E poi, il paradiso buddhista, la cima del monte Emei sospesa in un mare di nuvole, una vista che vedi solo nei dipinti tradizionali, ma che qui è reale. Mastoso. Ti immagini la soddisfazone di chi ci è arrivato dopo giorni di scalata e ha visto il sole, il mare di nubi che sta sotto, udito il suono del vento, e ha creduto veramente di essere in un luogo abitato dagli illuminati. Ma adesso qui non c’è un silenzio di meditazione. C’è un buddha alto 15 metri in legno coperto d’oro finto, che sulla guida del 2004 non è nemmeno nominato, quindi deduco sia posteriore. Ma questo è nulla: un tempio ricostruito, tutto in legno ma verniciato d’oro a spuzzo, che si vedono le sbavature di vernice sulla pietra dove finisce l’edificio e comincia la montagna, tanto gli operai cinesi non sanno verniciare un cazzo senza trenta centimentri di sbavatura. Tutto d’oro, maniglie, porte, tegole, pavimenti, tutto stessa qualità vernice. Di fianco un altro tempio, questo tutto spruzzato d’argento. La cosa più pacchiana dell’universo. Il luogo dove una volta, grazie a un gioco di rifrazione della luce, appariva l’ombra del buddha, e i fedeli in estasi si gettavano tra le nubi, è transennato in acciaio, quindi non si può andare. Meglio, se no magari mi gettavo giù io.
E poi la gente. Ovunque gente che sputa, mangia, fa casino, si fa fare foto con le dita a V, spinge, inciampa, sputa ancora.

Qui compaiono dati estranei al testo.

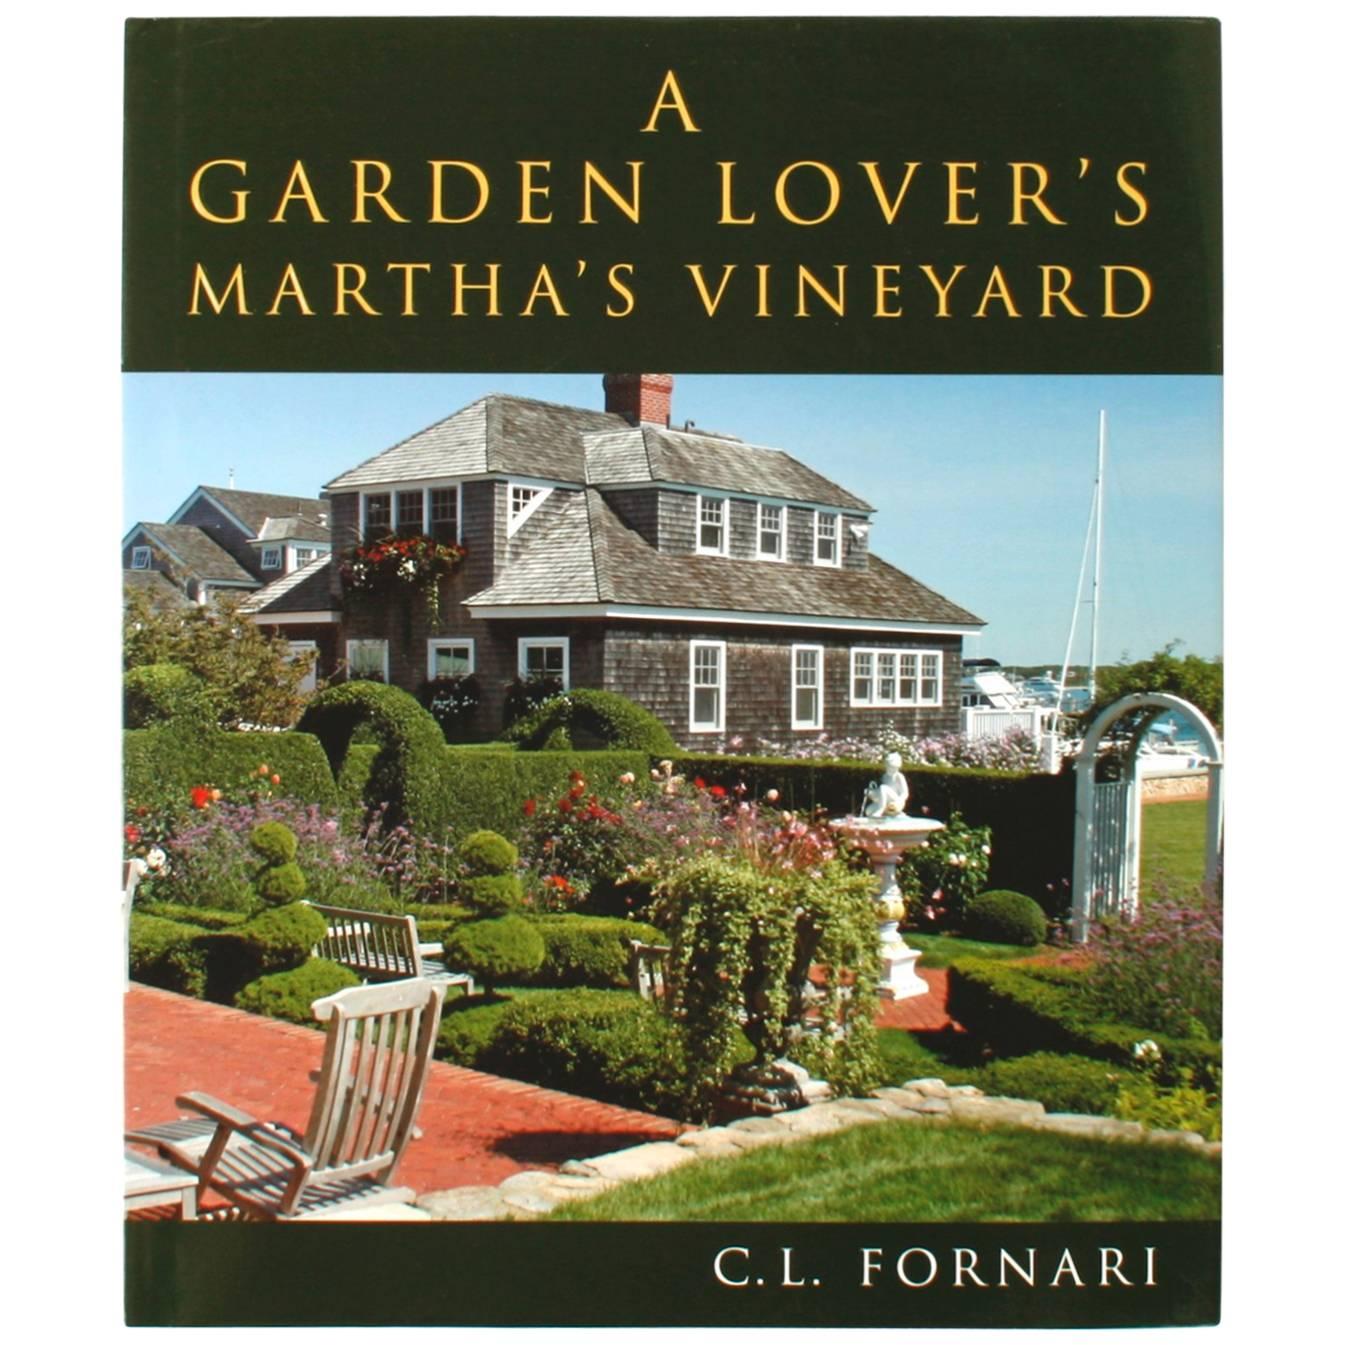 Jardin Lover's Martha's Vineyard (J'aime le jardin), par C.L. Fornari, première édition
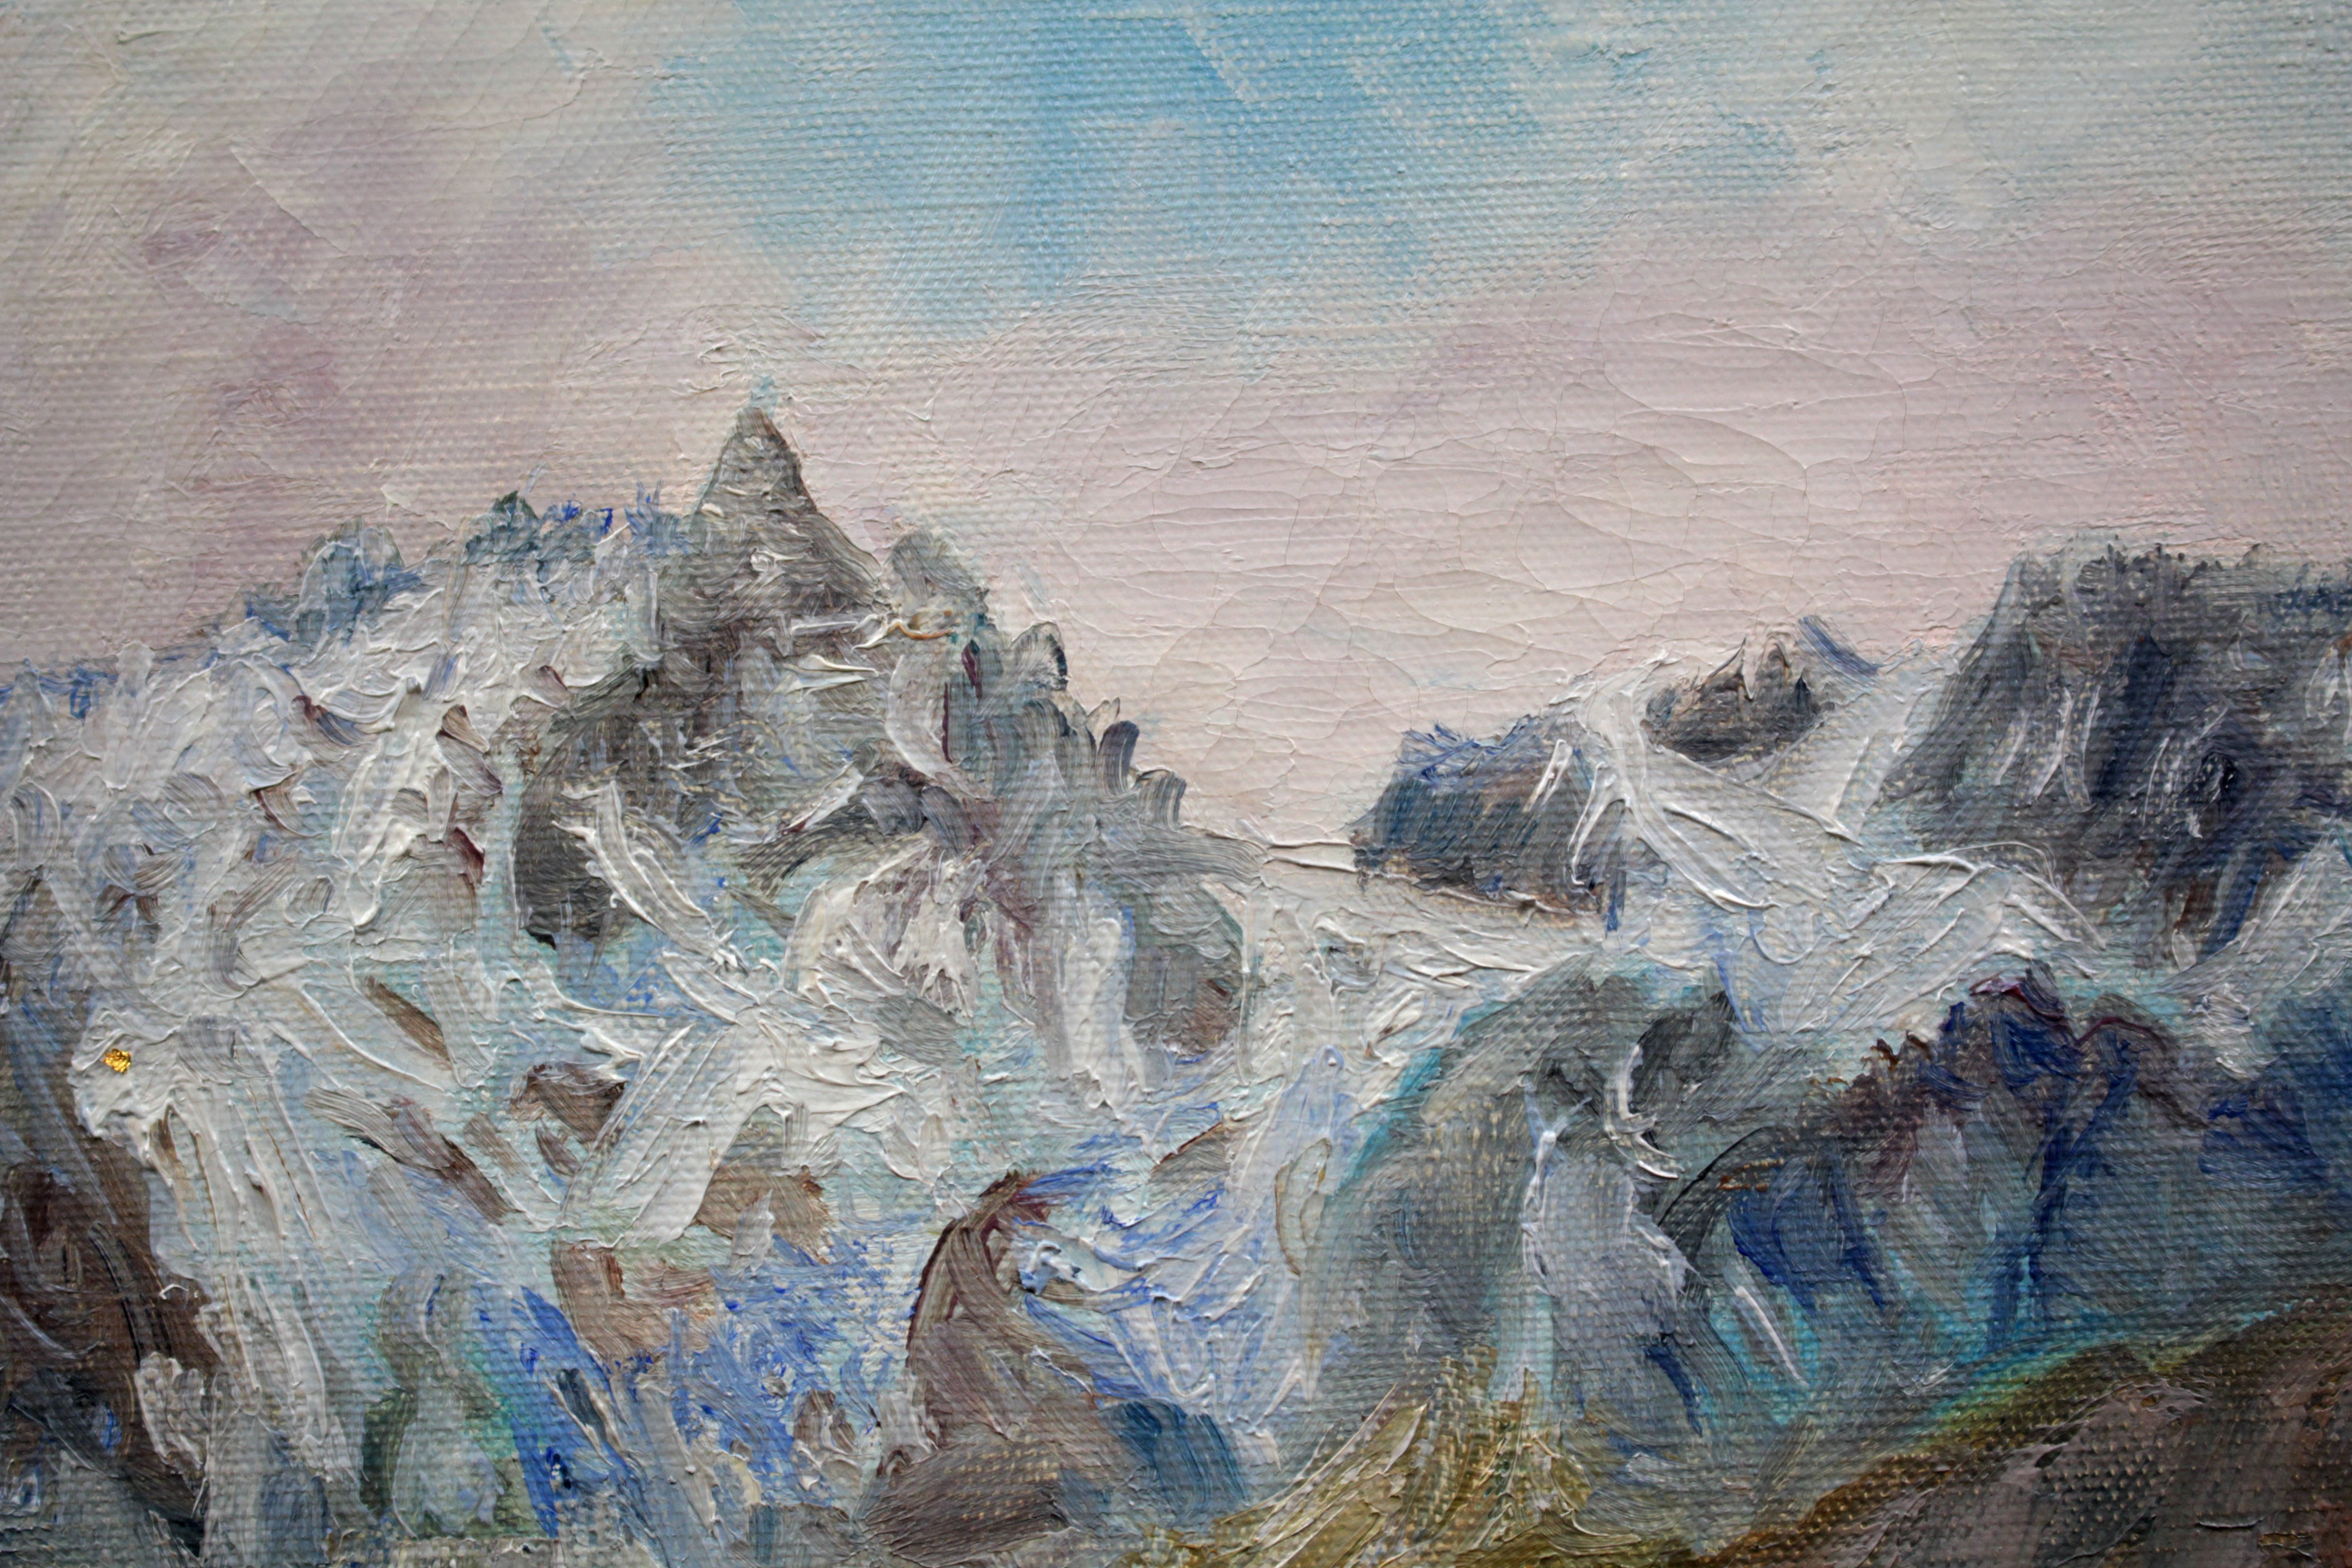 森 真道 『フランス風景 ドフィネの山村』 油彩画 - 北海道画廊

La coda per scendere dura quaranta minuti. Anche qui tutti a far casino. Diversi vecchi, arrivati a 3099m in funivia che ormai la scienza permette a tutti di andare dove vogliono, litigano con la polizia perchè secondo loro non devono fare la fila che se no si stancano, e che la loro famiglia di sedici persone deve scavallare con loro. Cani dimensioni chihuahua che abbaiano inutilissimi. Rifiuti. Bambini che piangono. Metà della gente tenta di salire sulla funivia senza biglietto, tutto si ferma perché devono andare a comprarlo. Ecco il paradiso buddhista del Monte Emei, dove vivevano gi illuminati.
Io e la mia Lei arriviamo in albergo distrutti. Un’ora sulla cima della montagna, otto ore di viaggio. Mal di testa, nausea. Delusione.
Neanche rabbia, perché è troppo per arrabbiarsi. Se uno si arrabbiasse, avrebbe voglia di usare la bomba nucleare. E allora si trattiene, si sdegna e basta. Perché nella moderna era delle masse, i luoghi sacri non esistono più, i paradisi sono stati distrutti. Che siano cittadini i cui diritti sono benedetti da una democrazia, il popolo protetto dal governo di una repubblica popolare, o semplicemente consumatori che pagano e quindi consumano, oramai tutti vanno dappertutto. Tutto è massificato, tutto è mercificato. I templi servono un solo Dio, il denaro ricavato dai biglietti e dai gadget, e questo Dio accoglie saggi e ignoranti, fedeli e bestemmiatori, onesti e furbi, basta che faccian circolare la moneta. Quello che un tempo era speciale, riservato a persone speciali che se lo erano guadagnato con la volontà, con la fede, con la fatica, oggi è alla portata di tutti i paganti, senza fatica, senza sforzo. Non è più speciale: tutta la sua bellezza, tutto il suo significato, che faceva di quel luogo un luogo santo, è dimenticato. Divorato da quest’era di tolleranza ed eguaglianza.
Penso ai monaci che ancora vivono sulla montagna insieme alle guardie: non vedo differenze, entrambi in divisa, entrambi dipendenti agli organi politici locali, entrambi con un solo fine, lucrare sulla fama del luogo. A me, come al solito, reazionario nato troppo tardi, o forse rivoluzionario nato troppo presto, il tutto fa un po’ ribrezzo.